Numerical modeling of molecular electrostatics and solvation in USM

Research

Our research is inherently interdisciplinary, and touches a wide variety of topics: from biomolecular physics, to math, to computational science. Most of our work is related to the solution of the Poisson-Boltzmann equation using boundary integral methods, and applications of this in biophysics.

This research has been funded by ANID, through their FONDECYT and FONDEF programs, and USM, by means of internal funding from the DGIIE (Office of Research, Innovation and Entrepreneurship). Their support is highly appreciated.

For an up-to-date list of publications, visit Christopher’s google scholar profile

The Poisson-Boltzmann equation for molecular electrostatics

Our main research line is in the development of computer codes to simulate protein solvation with continuum electrostatic models (ie. considering the solvent as a dielectric region). This yields system of PDEs where the Poisson and Poisson-Boltzmann equations are coupled on the molecular surface, which we represent with boundary integral equations. We solve this numerically using boundary element methods, accelerated with fast methods that run on GPUs.

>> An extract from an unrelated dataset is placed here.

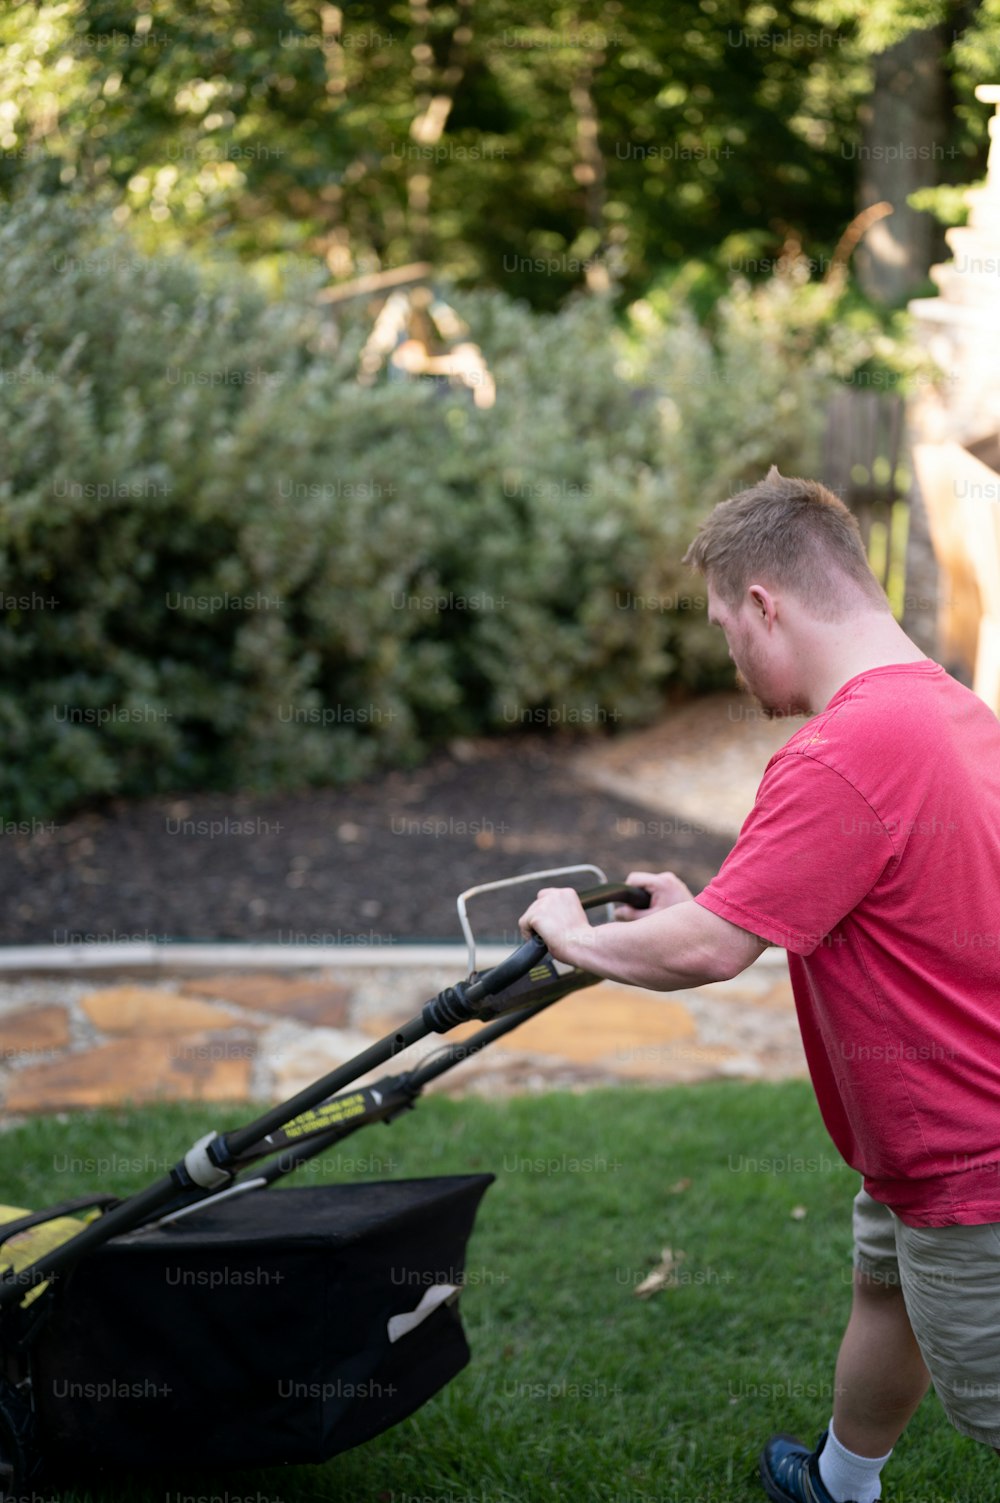 a man pushing a lawn mower in a yard

Most of our work has been implemented on two codes:

  • PyGBe, an in-house BEM code that runs of GPUs.
  • PBJ (Poisson-Boltzmann & Jupyter), a Jupyter notebook based codethat uses the Bempp library.

Some applications we’ve explored with our codes are

  • Protein-surface interaction
  • Viral disassembly
  • Nonpolar solvation
  • LSPR biosensor sensitivity
  • Polarizable force fields

Left: Electrostatic potential on the molecular surface of a HIV-1 protease-substrate complex. Right: BEM mesh for lysozyme.

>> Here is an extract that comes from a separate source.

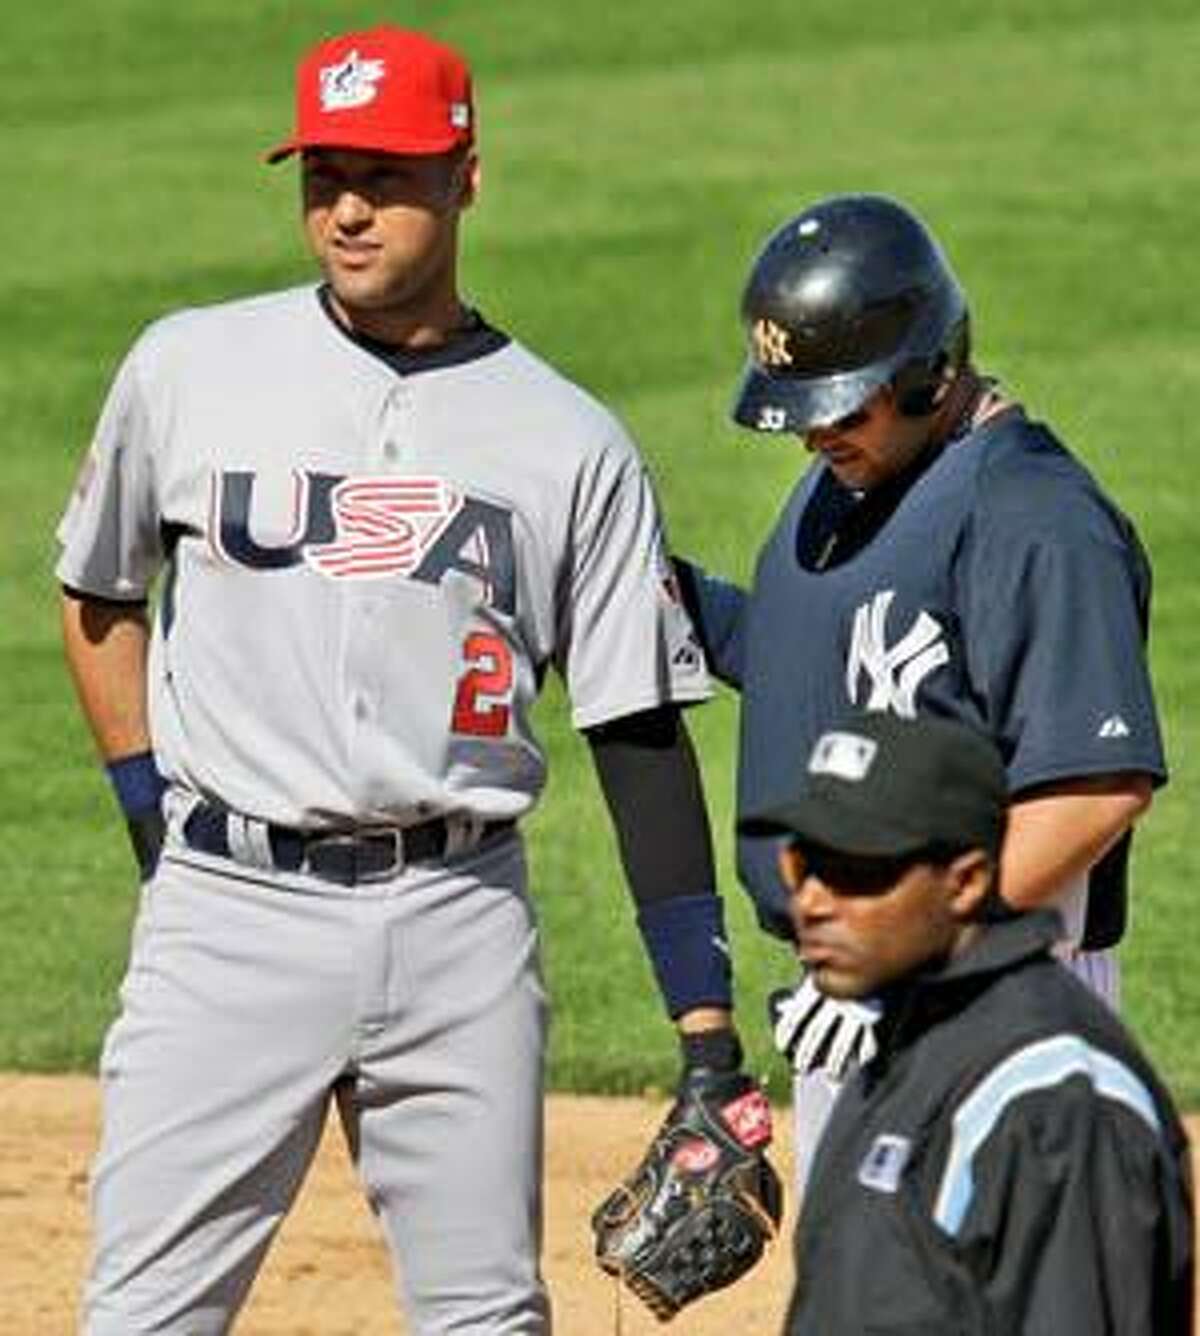 Yankees to wear Derek Jeter patch - 6abc Philadelphia

Fast and accurate computations

One of the main disadvantages of BEM is that it generates dense matrices, yielding a O(N^2) scaling in memory and computer time that limits its applicability. Because of this, we’re very interested in developing algorithms that improve this scaling to O(NlogN) or even O(N). More specifically, I’ve mostly worked with the treecode algorithm, which accelerates N-body problems to O(NlogN) by approximating far-away interactions to centers of expansion.

Sketch of the treecode far-field approximation. White dots are ‘targets’ and black dots ‘sources’ of mass.

To develop the most efficient code possible, we have also explored alternative boundary integral formulations, preconditioners, and adaptive mesh refinement.

High performance computing

Many real-life applications are just too big to model on a single CPU, and we require parallel processing and modern hardware to tackle them in reasonable time. Most of my work has been based in the use of GPUs for numerical algorithms, and we’ve been exploring to extend those algorithms to use multiple CPUs and GPUs.